General :: Filesystem With Inodes Close On The Disk?

Jan 9, 2011

I'd like to make the ls -laR /media/myfs on Linux as fast as possible. I'll have 1 million files on the filesystem, 2TB of total file size, and some directories containing as much as 10000 files. Which filesystem should I use and how should I configure it?As far as I understand, the reason why ls -laR is slow because it has to stat(2) each inode (i.e. 1 million stat(2)s), and since inodes are distributed randomly on the disk, each stat(2) needs one disk seek.Here are some solutions I had in mind, none of which I am satisfied with:Create the filesystem on an SSD, because the seek operations on SSDs are fast. This wouldn't work, because a 2TB SSD doesn't exist, or it's prohibitively expensive.

Create a filesystem which spans on two block devices: an SSD and a disk; the disk contains file data, and the SSD contains all the metadata (including directory entries, inodes and POSIX extended attributes). Is there a filesystem which supports this? Would it survive a system crash (power outage)?Use find /media/myfs on ext2, ext3 or ext4, instead of ls -laR /media/myfs, because the former can the advantage of the d_type field (see in the getdents(2) man page), so it doesn't have to stat. Unfortunately, this doesn't meet my requirements, because I need all file sizes as well, which find /media/myfs doesn't print.Use a filesystem, such as VFAT, which stores inodes in the directory entries. I'd love this one, but VFAT is not reliable and flexible enough for me, and I don't know of any other filesystem which does that. Do you? Of course, storing inodes in the directory entries wouldn't work for files with a link count more than 1, but that's not a problem since I have only a few dozen such files in my use case.

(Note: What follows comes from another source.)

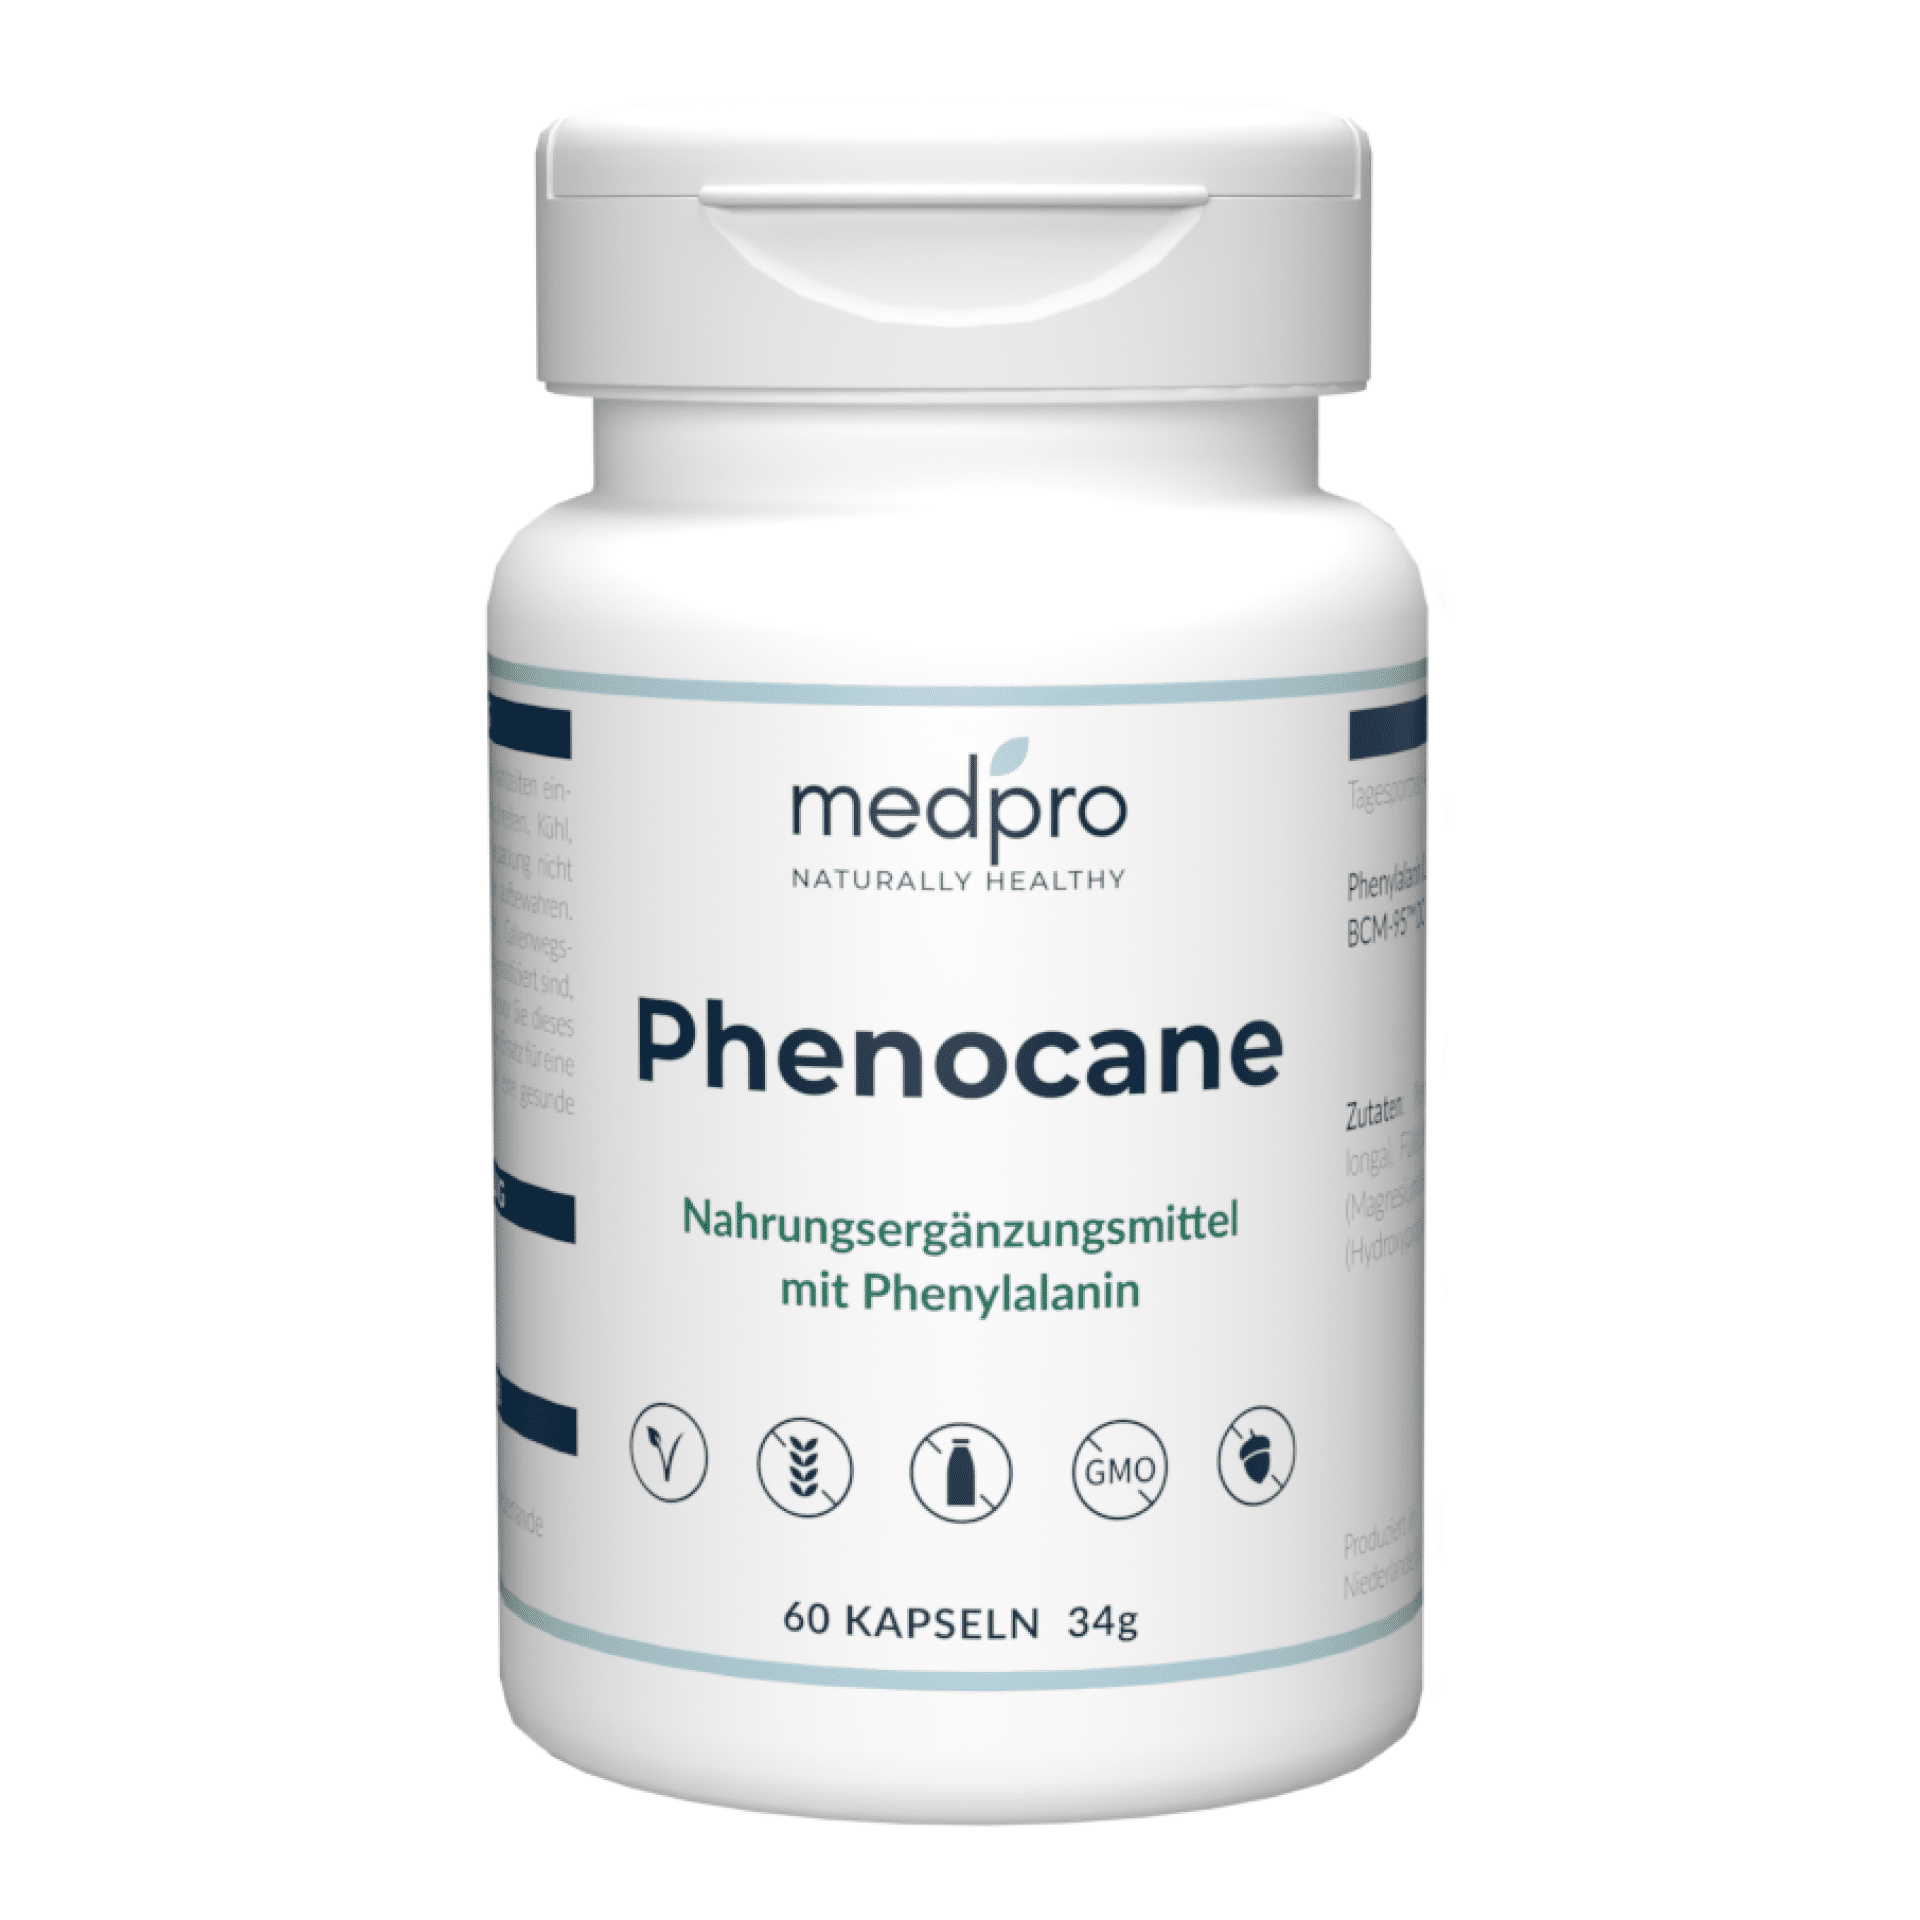 Phenocane tablet bottle

Adjust some settings in /proc or sysctl so that inodes are locked to system memory forever. This would not speed up the first ls -laR /media/myfs, but it would make all subsequent invocations amazingly fast. How can I do this? I don't like this idea, because it doesn't speed up the first invocation, which currently takes 30 minutes. Also I'd like to lock the POSIX extended attributes in memory as well. What do I have to do for that?Use a filesystem which has an online defragmentation tool, which can be instructed to relocate inodes to the the beginning of the block device. Once the relocation is done, I can run dd if=/dev/sdb of=/dev/null bs=1M count=256 to get the beginning of the block device fetched to the kernel in-memory cache without seeking, and then the stat(2) operations would be fast, because they read from the cache. Is there a way to lock those inodes and/or blocks into memory once they have been read? Which filesystem has such a defragmentation tool?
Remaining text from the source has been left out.